4. System according to claim 1 wherein the channel distal part is a groove and the channel proximal part is a ring.
5. System according to claim 1 wherein each blade contains a channel that is configured to slidably hold one pin.
6. System according to claim 3 furthermore comprising a dilator for expanding the retractor, wherein said dilator is configured to be slidably mounted between the blades.

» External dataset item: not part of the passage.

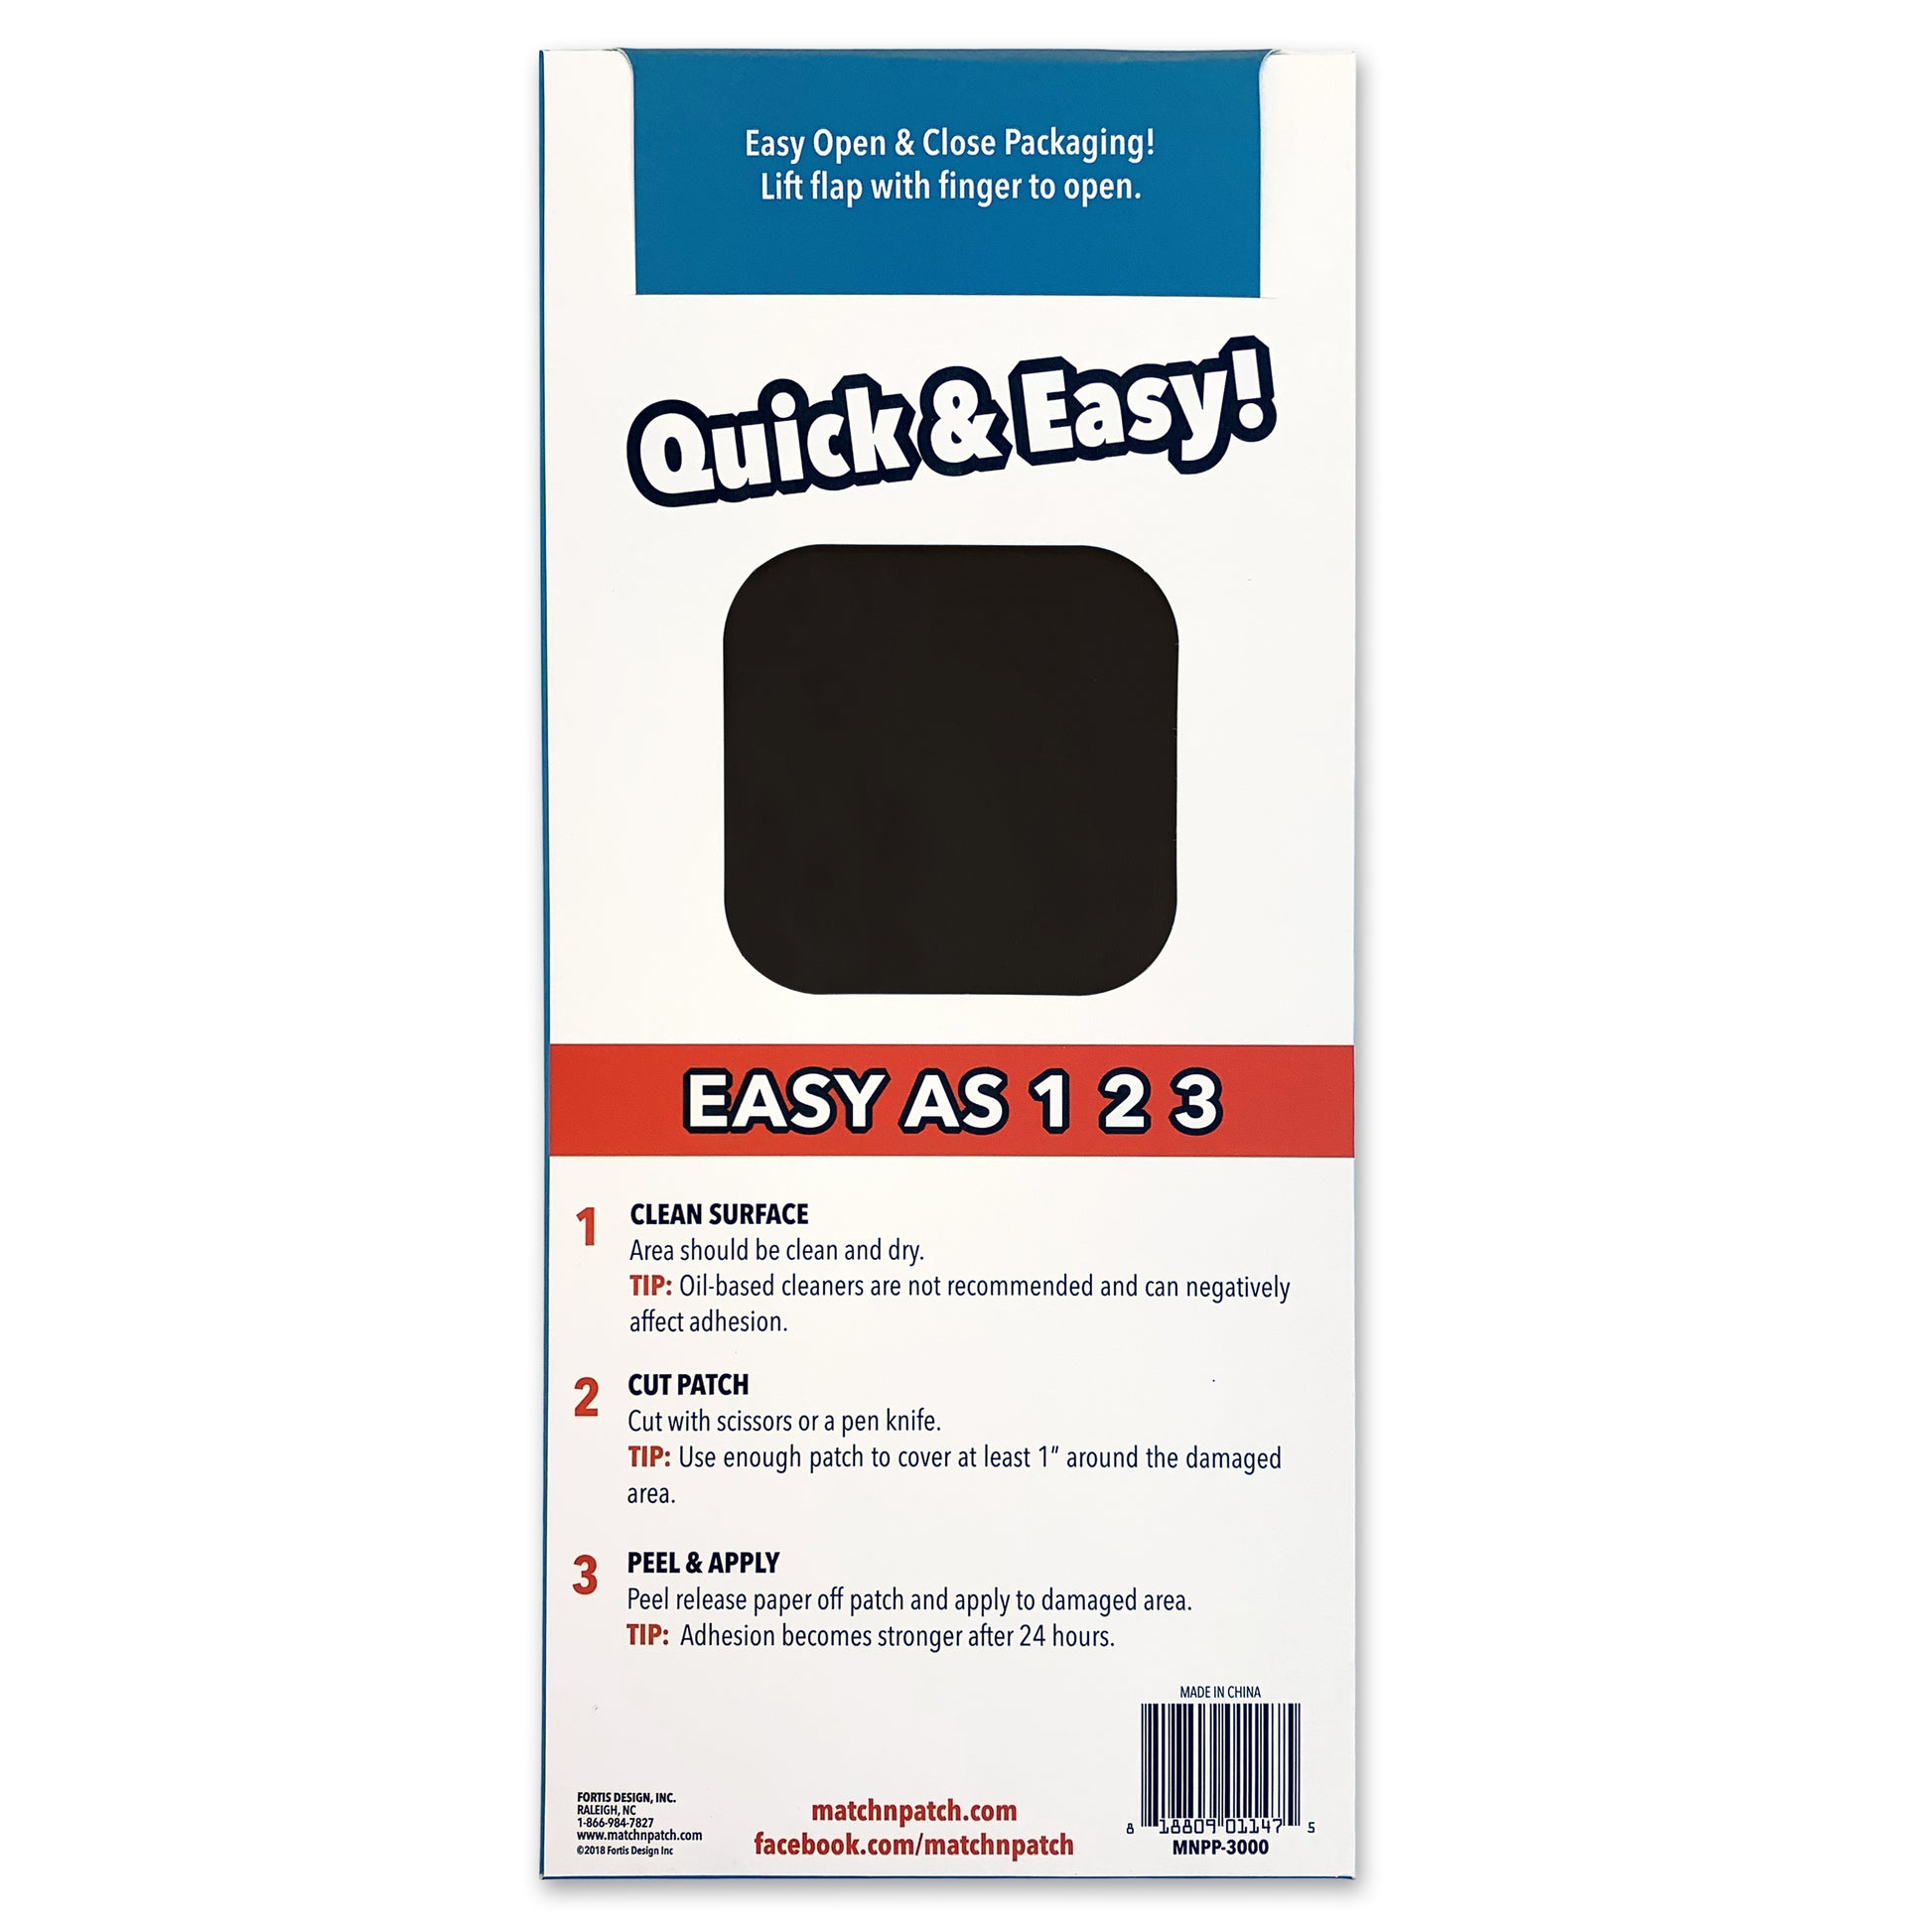 Black Leather Repair Tape – Match 'N Patch

7. System according to claim 6 wherein said dilator contains at least one groove that is configured to slidably hold said pin together with the said blade groove
8. System according to claim 6 wherein said dilator is made of two members that interlock together by means of guides
9. System according to claim 6 wherein the dilator has a radio opaque distal end or includes any kind of marker and can be used to measure or control the position of a cage or implant to be placed in between vertebral bodies.
10. System according to claim 1 comprising a shim located between the blades.
11. System according to claim 1 wherein each retractor member includes two arms.
12. System according to claim 1 wherein each retractor member includes only one arm.
13. Retractor system for spine surgery comprising two blades having each a proximal part forming a frame, a blocking mechanism for maintaining the blades at a certain distance from each other, and at least one shim slidably mounted between the blades and comprising lateral linear guiding grooves wherein the guiding grooves end before the shim distal end.
14. Retractor system for spine surgery comprising two blades having each a proximal part forming a frame a blocking mechanism for maintaining the blades at a certain distance from each other, and at least one dilator for expanding the retractor, wherein said dilator is configured to be slidably mounted between the blades
15. System according to claim 14 wherein said dilator contains at least one groove that is configured to slidably hold said pin, together with the said blade groove.
16. System according to claim 14 wherein said dilator is made of two members that interlock together by means of guides.
17. System according to claim 14 wherein the dilator has a radio opaque distal end or includes any kind of marker and can be used to measure or control the position of a cage or implant to be placed in between vertebral bodies.